Re: [PROPOSAL] Samza Proposal

2013-07-26 Thread Chris Riccomini
Hey Marvin,

I think we pretty much agree with everything you've said. :)

We're definitely sensitive to the discuss-in-person issue. We'll pay
attention to it, and try to move conversation to the list when we see it
happening. The same holds true for the risk assessment comment. We're
sensitive to it. We'll try our best.

I talked with Jakob, and we'll hold off on the -user mailing list initially.

Thanks for the feedback!

Cheers,
Chris


On Thu, Jul 25, 2013 at 8:17 AM, Marvin Humphrey wrote:

> Hi,
>
> The current core developers are all from LinkedIn. However, we hope to
> establish a developer community that includes contributors from several
> corporations and we actively encouraging new contributors via the
> mailing
> lists and public presentations of Samza.
>
> Collective experience in the Incubator suggests that keeping discussions
> on-list will be an important challenge for the prospective Samza podling.
> It's much more efficient to just discuss things in person when everyone
> works
> in the same office -- especially difficult architectural issues requiring a
> high-level perspective on the complete project.  However, given the history
> both the individual contributors and LinkedIn itself, at least the podling
> ought to start off with a strong understanding of the challenge.
>
> The core developers plan to work full time on the project. There is
> very
> little risk of Samza being abandoned as it is part of LinkedIn's
> internal
> infrastructure.
>
> This risk assessment seems a tad optimistic to me ;) since I only trust
> commercial entities to do what's in the interest of the bottom line and
> that
> can change very rapidly.  (Witness IBM pulling all of its developers off of
> Harmony.)  But I certainly don't see any problem that ought to block entry
> into the Incubator.
>
> * samza-private for private PMC discussions (with moderated
> subscriptions)
> * samza-dev
> * samza-commits
> * samza-user
>
> I'd suggest foregoing the user list for now.  (See
> .)  You want highly
> engaged users who are likely to become developers.  It's best to keep
> everyone
> on the same list until dev traffic levels become burdensome to users; you
> don't have that problem yet.
>
> Nominated Mentors
>
> * Arun C Murthy 
> * Chris Douglas 
> * Roman Shaposhnik 
>
> The core developers may all work for LinkedIn, but that's a good, diverse
> list
> of Mentors in terms of affiliation.  (Hortonworks, Microsoft, and Cloudera,
> repectively.)
>
> Marvin Humphrey
>
> -
> To unsubscribe, e-mail: general-unsubscr...@incubator.apache.org
> For additional commands, e-mail: general-h...@incubator.apache.org
>
>


Re: [PROPOSAL] Samza Proposal

2013-07-25 Thread Marvin Humphrey
Hi,

The current core developers are all from LinkedIn. However, we hope to
establish a developer community that includes contributors from several
corporations and we actively encouraging new contributors via the mailing
lists and public presentations of Samza.

Collective experience in the Incubator suggests that keeping discussions
on-list will be an important challenge for the prospective Samza podling.
It's much more efficient to just discuss things in person when everyone works
in the same office -- especially difficult architectural issues requiring a
high-level perspective on the complete project.  However, given the history
both the individual contributors and LinkedIn itself, at least the podling
ought to start off with a strong understanding of the challenge.

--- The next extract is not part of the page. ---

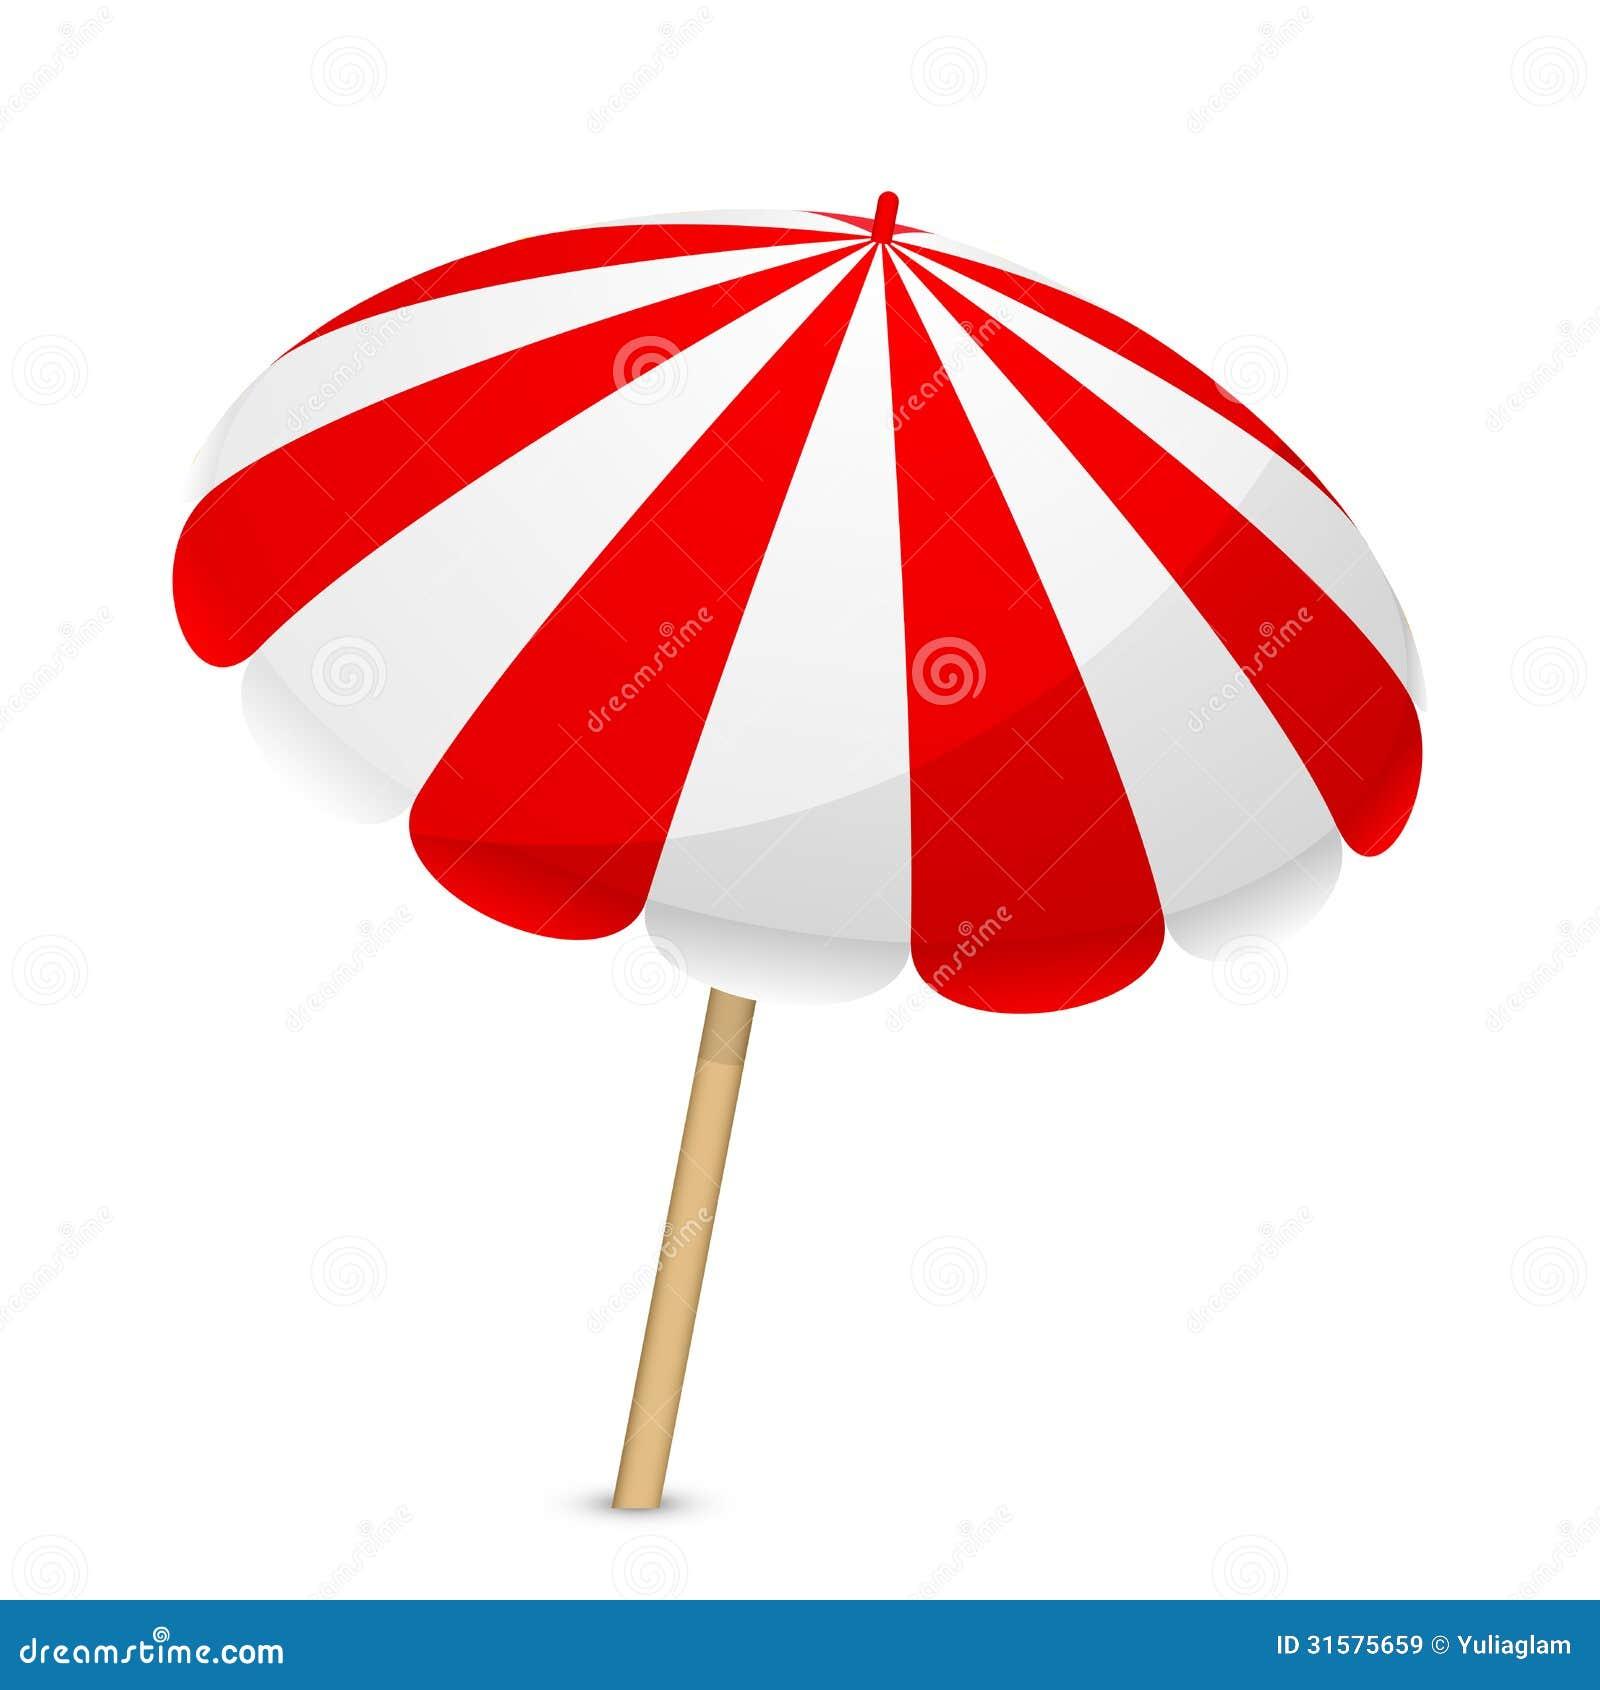 parasol royalty free stock images image 31575659. Black Bedroom Furniture Sets. Home Design Ideas

The core developers plan to work full time on the project. There is very
little risk of Samza being abandoned as it is part of LinkedIn's internal
infrastructure.

This risk assessment seems a tad optimistic to me ;) since I only trust
commercial entities to do what's in the interest of the bottom line and that
can change very rapidly.  (Witness IBM pulling all of its developers off of
Harmony.)  But I certainly don't see any problem that ought to block entry
into the Incubator.

* samza-private for private PMC discussions (with moderated subscriptions)
* samza-dev
* samza-commits
* samza-user

I'd suggest foregoing the user list for now.  (See
.)  You want highly
engaged users who are likely to become developers.  It's best to keep everyone
on the same list until dev traffic levels become burdensome to users; you
don't have that problem yet.

Nominated Mentors

* Arun C Murthy 
* Chris Douglas 
* Roman Shaposhnik 

The core developers may all work for LinkedIn, but that's a good, diverse list
of Mentors in terms of affiliation.  (Hortonworks, Microsoft, and Cloudera,
repectively.)

Marvin Humphrey

-
To unsubscribe, e-mail: general-unsubscr...@incubator.apache.org
For additional commands, e-mail: general-h...@incubator.apache.org



Re: [PROPOSAL] Samza Proposal

2013-07-24 Thread Lars Francke
Hi,

interesting proposal!

> If you guys are interested, I have much more in-depth documents comparing
> and contrasting Samza with MUPD8 and Storm.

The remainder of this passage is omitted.